Охраняющие посольство стражи докладывали о трех десятках сарехов, попытавшихся пробиться к господину Далибору. Спустя неделю после ареста посольства община начала подозревать неладное. Еще мутил воду и подстегивал людей к действиям местный священник, и стражам пришлось во время службы при всей общине сделать ему внушение. Воины сказали, что после погрома Император не потерпит волнений в столице и что в его власти выслать сарехов не только из Ратави, но и вообще из страны. Эти слова были встречены возмущенным гулом, который быстро затих, стоило стражам напомнить о вире и городских тюрьмах.

Пока я не опасалась новых погромов, хотя обстановка в столице день ото дня становилась все напряженней. И это тревожило не только меня, но и Императора, и господина Нагорта.

Господин Квиринг передал Повелителю гневное послание от своих соотечественников. Вельможи даркези выражали недовольство тем, что наместник Императора, принц Торонк, в последний миг отменил назначенную встречу, а после отказался принимать гостей у себя. Сановники требовали объяснений и обещали пожаловаться королю на неподобающее поведение наместника. Я присутствовала при встрече, чувствовала, как эта новость разозлила Правителя, и восхищалась его самообладанием. Только он мог с таким спокойствием выслушивать возмущение несостоявшихся убийц, вызванное тем, что жертву вовремя предупредили.

В течение недели меня несколько раз навещал Ферас. Среди прочего он рассказал, что принц Ясуф с несколькими приближенными, в числе которых был и господин Тевр, выехал в столицу еще до того, как получил приглашение Императора. Чем было вызвано желание принца побывать в Ратави, наместник, отвечавший Правителю, не знал.

Рассказывая мне дворцовые новости, Ферас обронил пару слов и о принцессе Теллими. Он сам, как и его отец, особенного значения этому происшествию не придал, но я отчего-то насторожилась. Принцесса спрашивала господина Мирса о сарехском посольстве и обмолвилась, что давно уже не встречалась со своей знакомой, женой посла. Ничего особенного в вопросе не было, равно как и в дружбе двух влиятельных женщин. И все же интерес принцессы к сарехам меня обеспокоил.

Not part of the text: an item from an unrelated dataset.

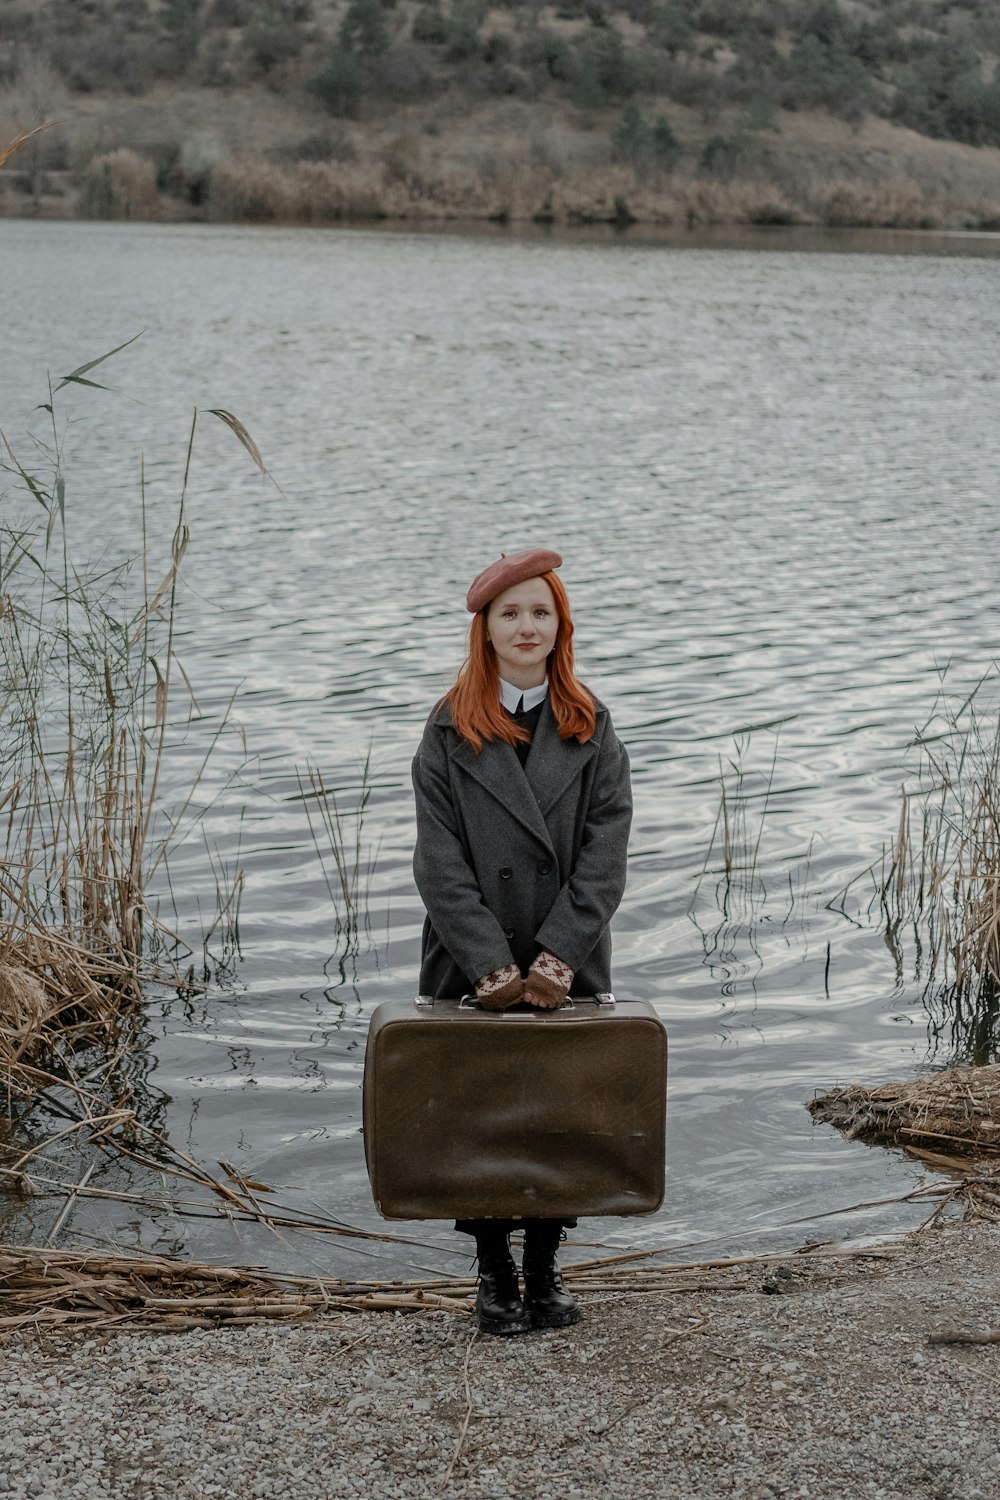 a woman with red hair is holding a suitcase by the water

Не знаю, как пережила бы эту неделю без Ингара. Временами казалось очень странным и неправдоподобным то, что мое отношение к нему так резко изменилось. Хотя это был всего лишь ответ на произошедшие с ним перемены. Ингар не бросался на меня по поводу и без, вел себя вежливо и предупредительно, ни разу не пришел без дорогого подарка и интересовался мной, моим мнением. И, что мне особенно нравилось, он не лгал. Хотя, вспоминая днем вечерние беседы, я отмечала, что поводов врать у него не было. Отвечать нечестно на вопросы о музыке или любимых книжных героях нет нужды.

Но больше всего поражало, что сарех видел во мне привлекательную женщину, за расположение которой стоило бороться. Это новое ощущение окрыляло и воодушевляло. Поэтому особенно было жаль, что оно пропадало, тускнело, если я не встречалась с Ингаром вечером. Без моего сареха действительность казалась обыденной, непримечательной, а его увеличивающееся с каждым днем влечение ко мне выглядело чуть ли не подозрительным. Я ругала себя за предубежденность, за неспособность довериться чувствам, за робость и легкое недоверие, бесследно исчезавшее, стоило Ингару коснуться меня.

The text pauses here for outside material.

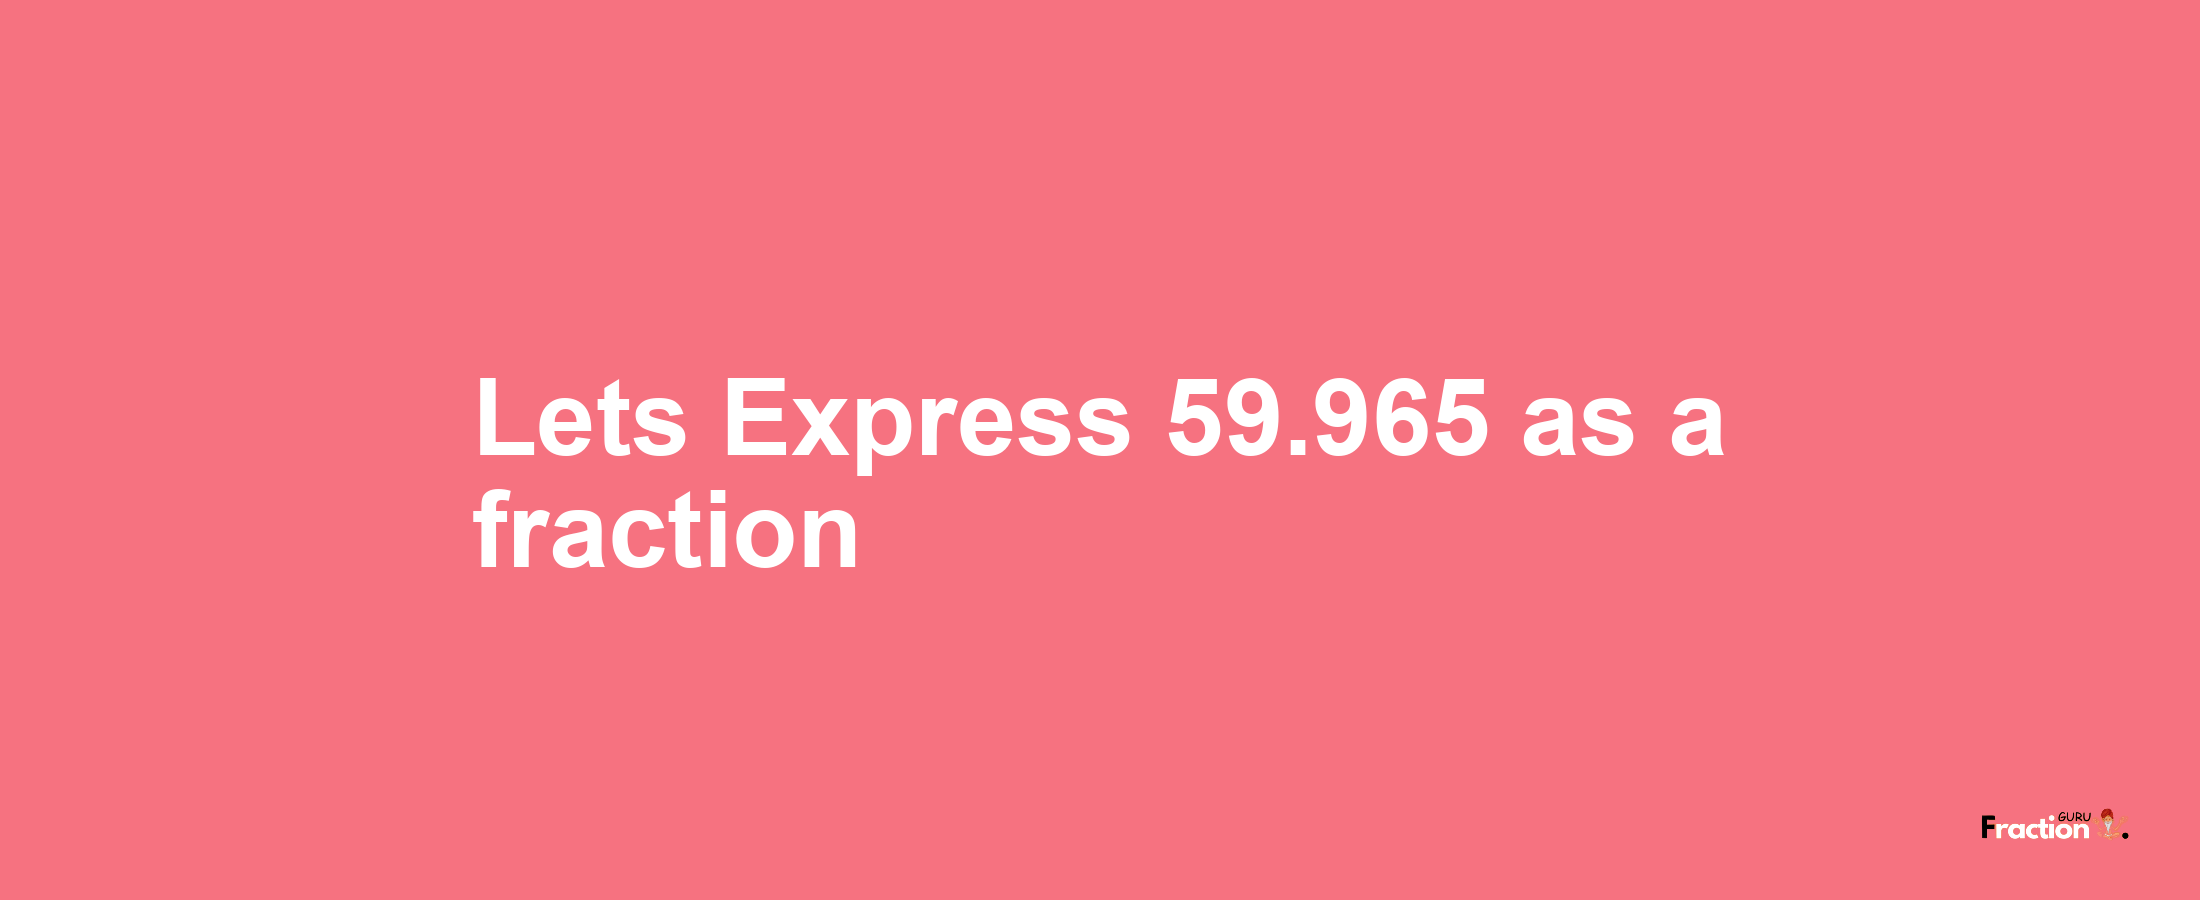 Lets Express 59.965 as afraction

Хотелось верить ему, знать, что и я достойна любви…

— Ты красивая, — прошептал Ингар.

Его дыхание щекотало ухо, горьковатый аромат духов дразнил и привлекал меня, и очень хотелось почувствовать обжигающий жар его рук на своей коже, отдаться желанию. Я повторяла себе, что ничем не хуже Абиры и определено заслуживаю любви, что жрицы могут выбирать себе мужчин, но северные традиции были сильней такого самовнушения.

Связь до свадьбы считалась богопротивной, недопустимой. Подобное бесчестие становилось несмываемым пятном на добром имени девушки. Хуже мог быть только прижитый в подобном союзе ребенок. Ни о понимании, ни о помощи родных несчастная не могла и мечтать. Таким редко позволяли даже остаться в родной деревне. Ужасный позор, клеймо на всю жизнь…

Изредка подобное прегрешение, наплевательское отношение к заветам предков прощали. Если любовники заключали тайный брак, предшествующий законному. Для этого даже не нужен был священник. Достаточно было призвать богов в свидетели и поклясться в любви. Если боги одобряли союз, по легенде у влюбленных на руках проявлялись священные письмена. Но такие клятвы давали крайне редко и еще реже нарушали — северные боги не любили отступивших от слова и мстили обстоятельно и с удовольствием.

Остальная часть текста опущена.